Fall Fiction Fest, ENGRAM, YA Thriller

Title: ENGRAM

Genre: YA Thriller

Wordcount: 79,000

How did you fall for writing: When I was ten years old, I wrote a book of bedtime stories for my younger sister, and I haven’t stopped writing since!

Query:

Dear Agent,

Seventeen-year-old Elle is the snarky, wise-beyond-her-years daughter (and unofficial apprentice) of the legendary Max Brooks, a semi-retired CIA operative. When they’re attacked on a routine job, Elle learns that her dad has been keeping secrets from her. Big ones. Her name isn’t really Elle Brooks. She wasn’t really born in America. And when her father brought her and her brother over from the small European country of Auldwynne, he wasn’t running toward the American dream—he was running away. From everything.

In an effort to uncover the truths her father tried so hard to bury in Auldwynne, Elle accepts an assignment forced on them by their attackers: kill the crown prince of Auldwynne and his two sisters. They plan to kidnap the royals instead, intending to keep them safe from Nicholas Price, the man who hired them. But their plan goes awry, resulting in Max’s disappearance. That’s when Elle discovers that the assassination plot goes much deeper than just politics.

When Elle and the royals find the remnants of an old experiment, terminated due to ethical concerns, they realize that it isn’t as abandoned as it seems. It’s all connected—the experiment, the assassination, and Max’s secrets. But some secrets would be better left buried—and digging them up might mean giving Price exactly what he wants.

ENGRAM, a YA thriller, is complete at 79,000 words. ENGRAM will appeal to fans of Ally Carter’s EMBASSY ROW series.

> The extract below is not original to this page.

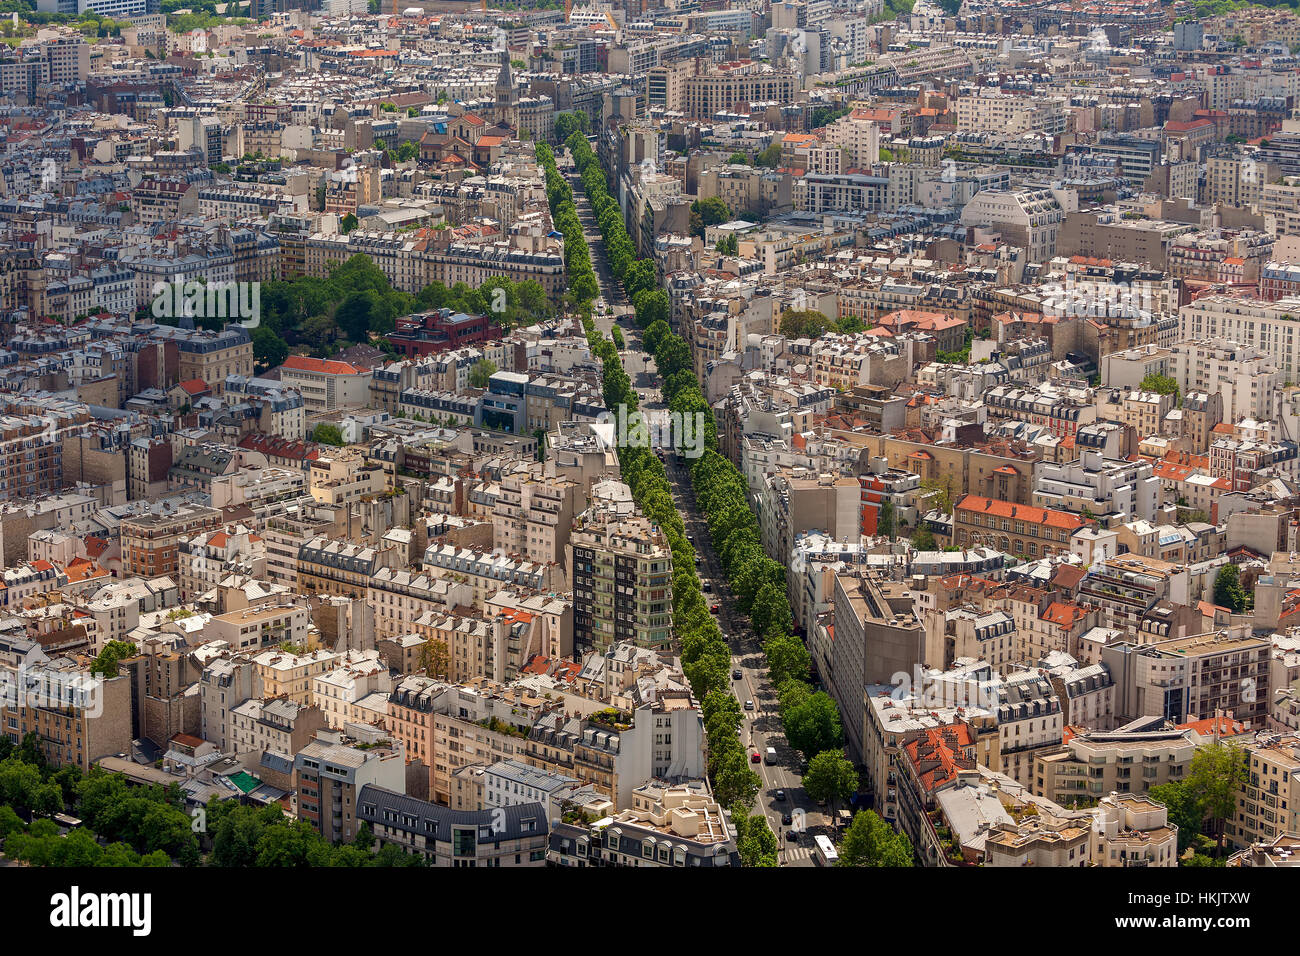 Gebäude, Straßen und Boulevards in Paris, Frankreich von oben gesehen. Stockbild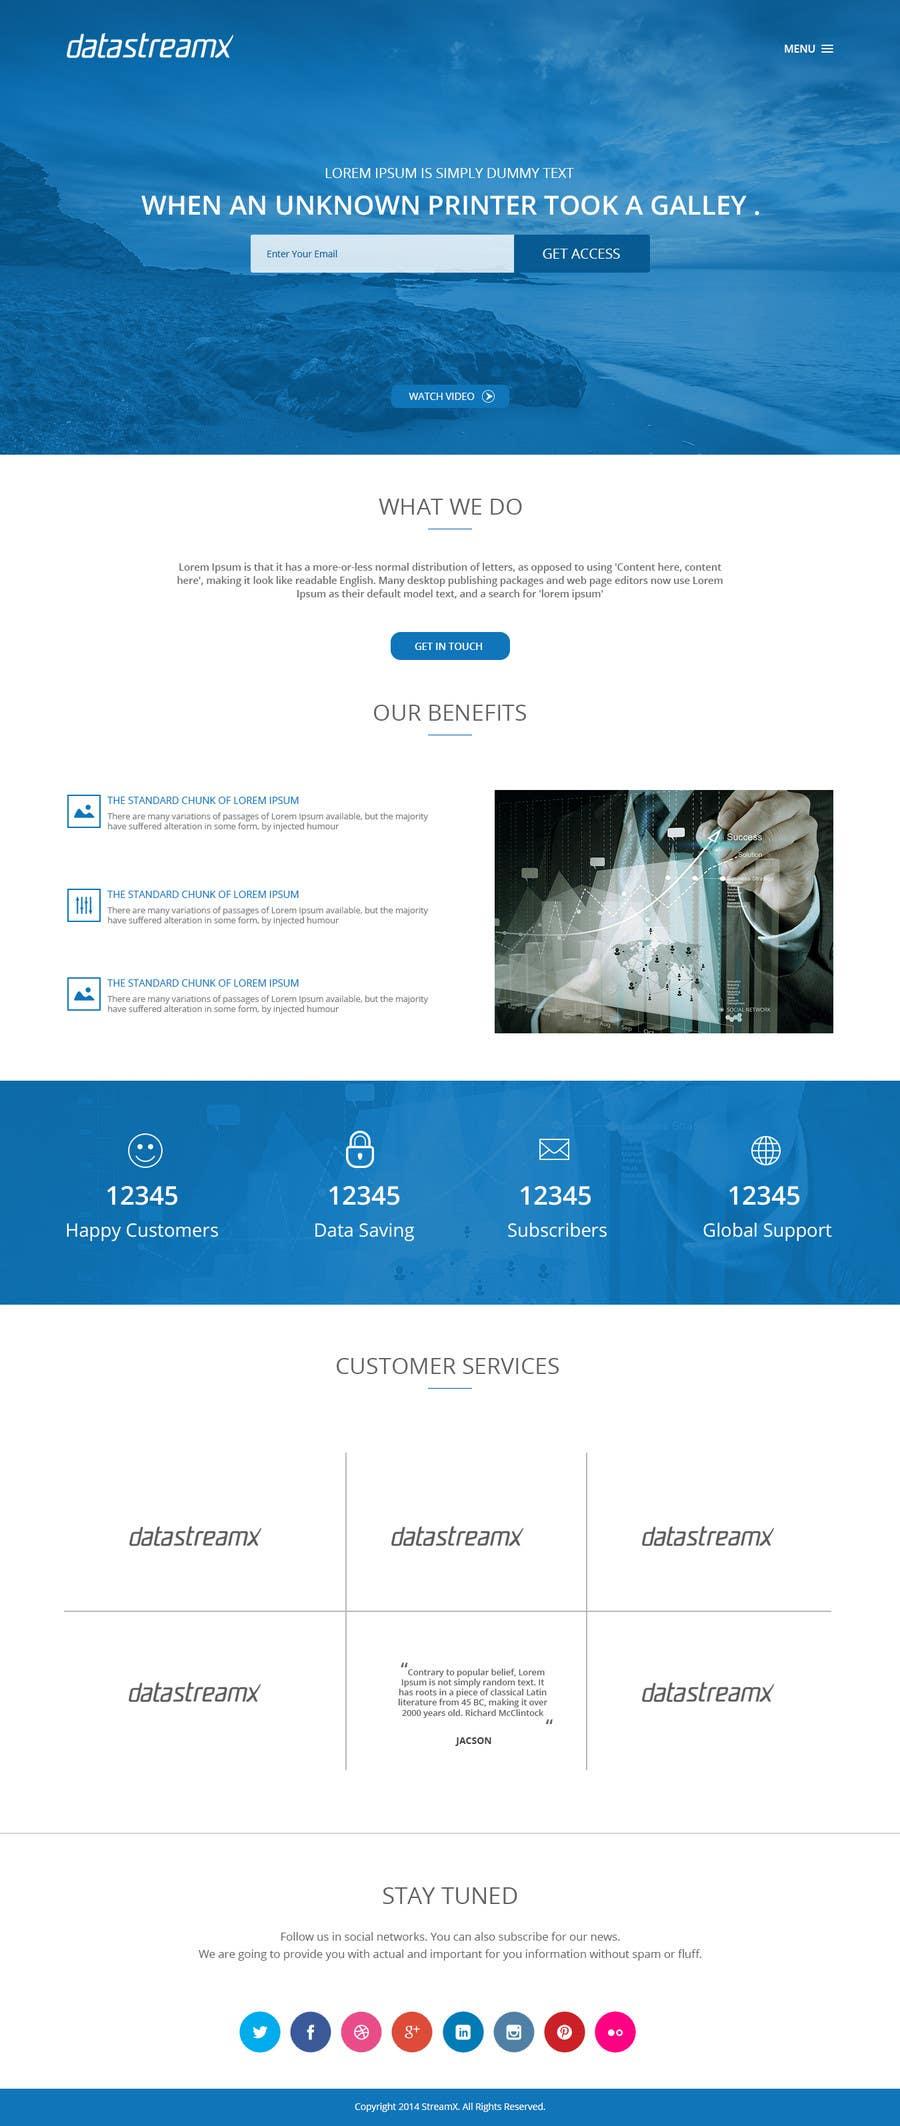 Penyertaan Peraduan #9 untuk Design a Website Mockup for Blog & Landing Page Template

Thank you for your time and consideration.

First 250 Words:

“Marcus said the shooter would be up there.” Dad points out the window of our favorite waffle place and across the street to an older building halfway down the block. “The senator and his son will be walking back to their hotel after an official state dinner.”

I take another bite of waffle and lean across the table, craning my neck to see past the awning. The building Dad is pointing at looks like an old factory—it’s made of drab gray stone and half the windows are completely gone. “Walking?”

“Walking. Their hotel is only two blocks from the banquet center, and their car is going to mysteriously break down as they’re leaving.”

“They got all this from an anonymous tip?” It’s almost not a question. Dad’s told me stories from his days at the CIA, and usually when they get a tip, it’s a tiny, almost useless piece of information. Then they have to dig and extrapolate and hope they can get there in time to save someone’s life. Sometimes they do. Sometimes they don’t.

It’s no wonder my dad retired a few years ago.  Not being able to save everyone had taken its toll on him.

“Here, let me play you the audio. She called the police, but they transferred her over almost immediately.” He grabs his phone, hands me an earbud, and clicks a few buttons. I stick the earbud in my ear, and a moment later, a woman’s frantic voice comes through the speaker.